I built an animation using three.js to show just how cool this flight path can be.

The insect’s flight path is modeled using a discrete-time Langevin equation, which simulates Brownian motion with aerodynamic damping. At each time step $ t $, the velocity vector $ \mathbf{v} $ is updated by applying a stochastic acceleration $ \mathbf{a}_{\text{rand}} $ and a damping factor $ \gamma $ (representing air resistance):
$$ v_{t+1} = \gamma \, v_t + \mathbf{a}_{\text{rand}} $$
where $ \gamma = 0.95 $ and the components of $ \mathbf{a}_{\text{rand}} $ are drawn from a uniform distribution $ \mathcal{U}(-0.05, 0.05) $. The position $ \mathbf{p} $ is then integrated numerically:
$$ \mathbf{p}_{t+1} = \mathbf{p}_t + \mathbf{v}_{t+1} $$
This results in a “random walk” trajectory that is smoothed by the inertial momentum of the simulated robot, mimicking the erratic yet continuous flight dynamics of a small insect.

Use mouse to rotate/zoom.

Flying robots smaller than a few grams operate in a very different aerodynamic regime from traditional drones. Their wings experience low Reynolds numbers where lift comes from unsteady vortex shedding rather than smooth airflow; getting useful thrust requires wings to flap hundreds of times per second with large stroke angles. At such high frequencies, actuators often buckle and joints fatigue. The robots have extremely tight power and mass budgets, making it hard to carry batteries or onboard processors. Early insect‑like microrobots could just barely hover for a few seconds and needed bulky external power supplies.

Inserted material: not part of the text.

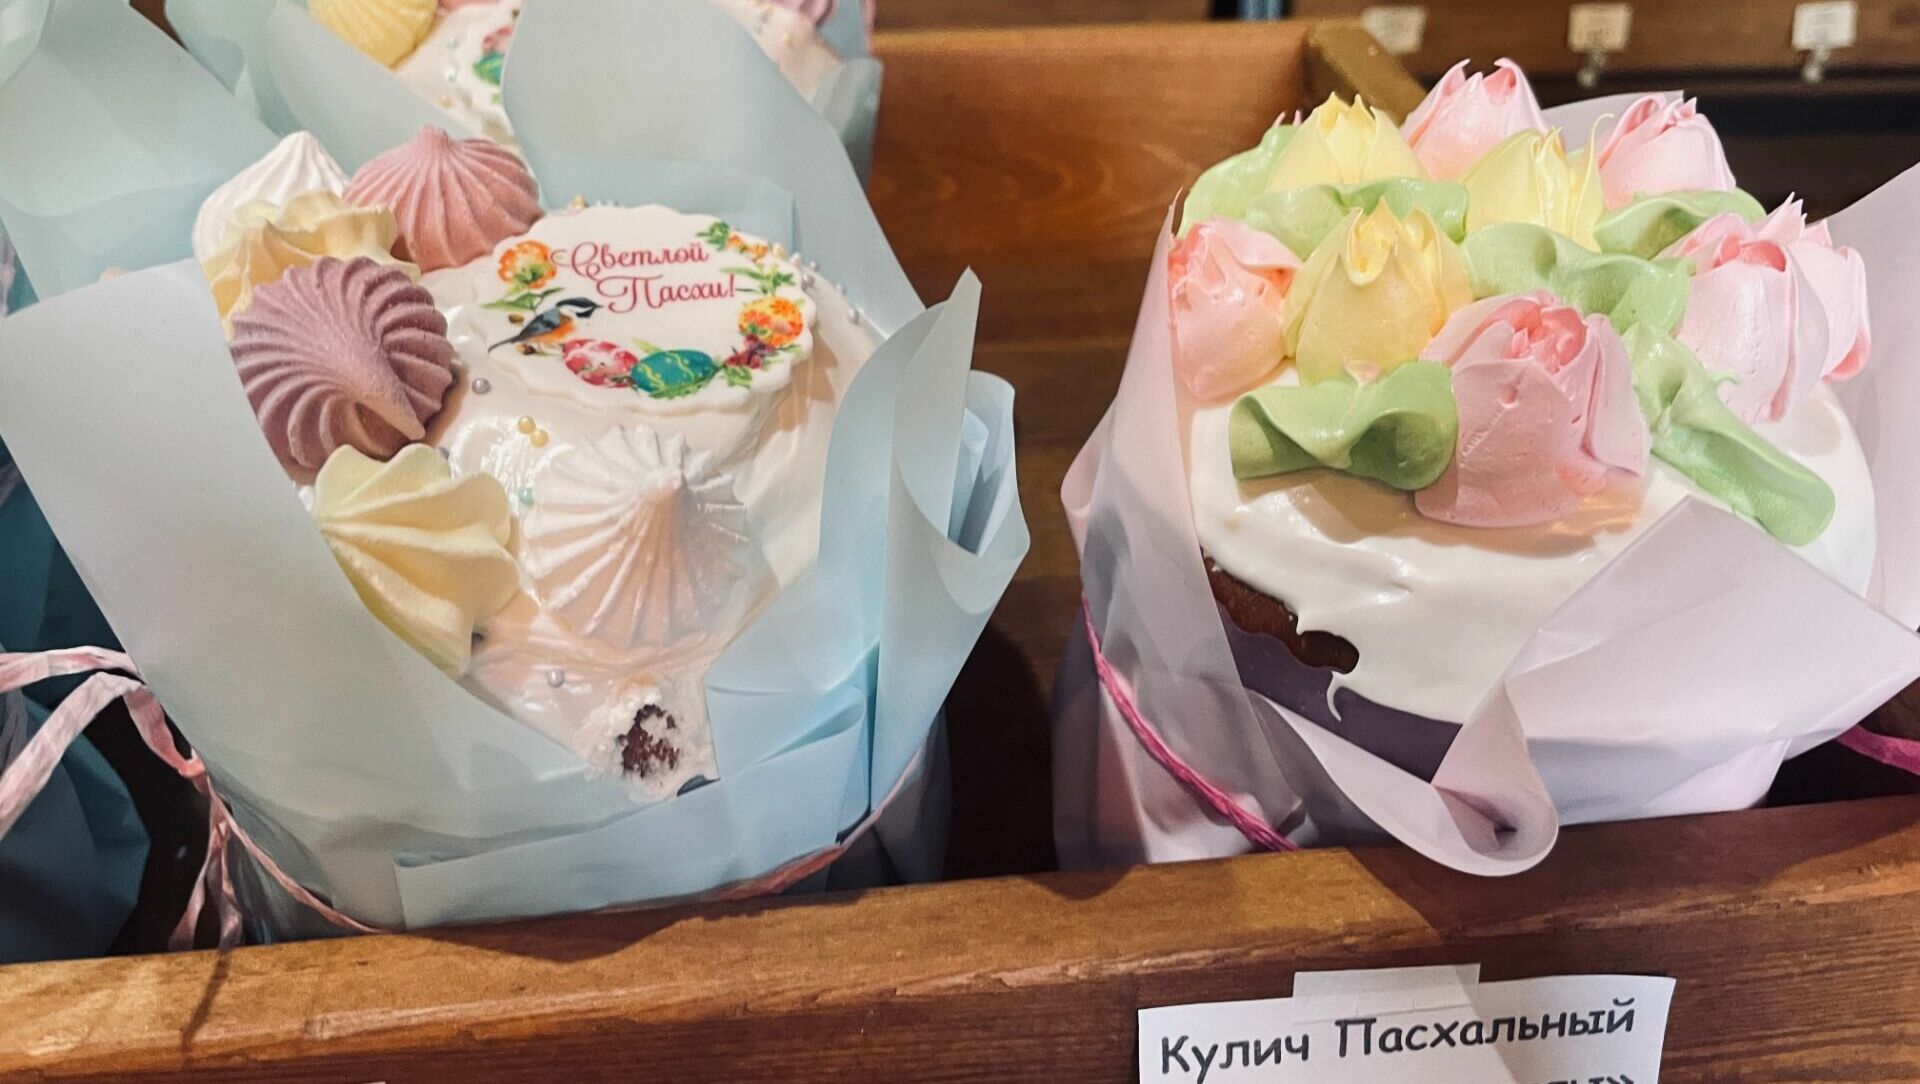 Купить или печь: сколько стоят пасхальные куличи в Ростовской области

A microrobot flips 10 times in 11 seconds.
Credit: Courtesy of the Soft and Micro Robotics Laboratory

MIT’s Soft and Micro Robotics Laboratory, led by Kevin Chen, set out to tackle these problems with a combination of novel soft actuators, mechanically resilient airframes and advanced control algorithms. The resulting platform evolved in three stages: improved artificial muscles (2021), a four‑wing cross‑shaped airframe with durable hinges and transmissions (January 2025) and a learning‑based controller that matches insect agility (December 2025).

The first breakthrough addressed the “muscle” problem. Conventional rigid actuators were too heavy and inefficient for gram‑scale robots. Chen’s group developed multilayer dielectric elastomer actuators—soft “muscles” made from ultrathin elastomer films sandwiched between carbon‑nanotube electrodes and rolled into cylinders. In 2021 they unveiled a fabrication method that eliminates microscopic air bubbles in the elastomer by vacuuming each layer after spin‑coating and baking it immediately. This allowed them to stack 20 alternating layers, each about 10 µm thick , without defects.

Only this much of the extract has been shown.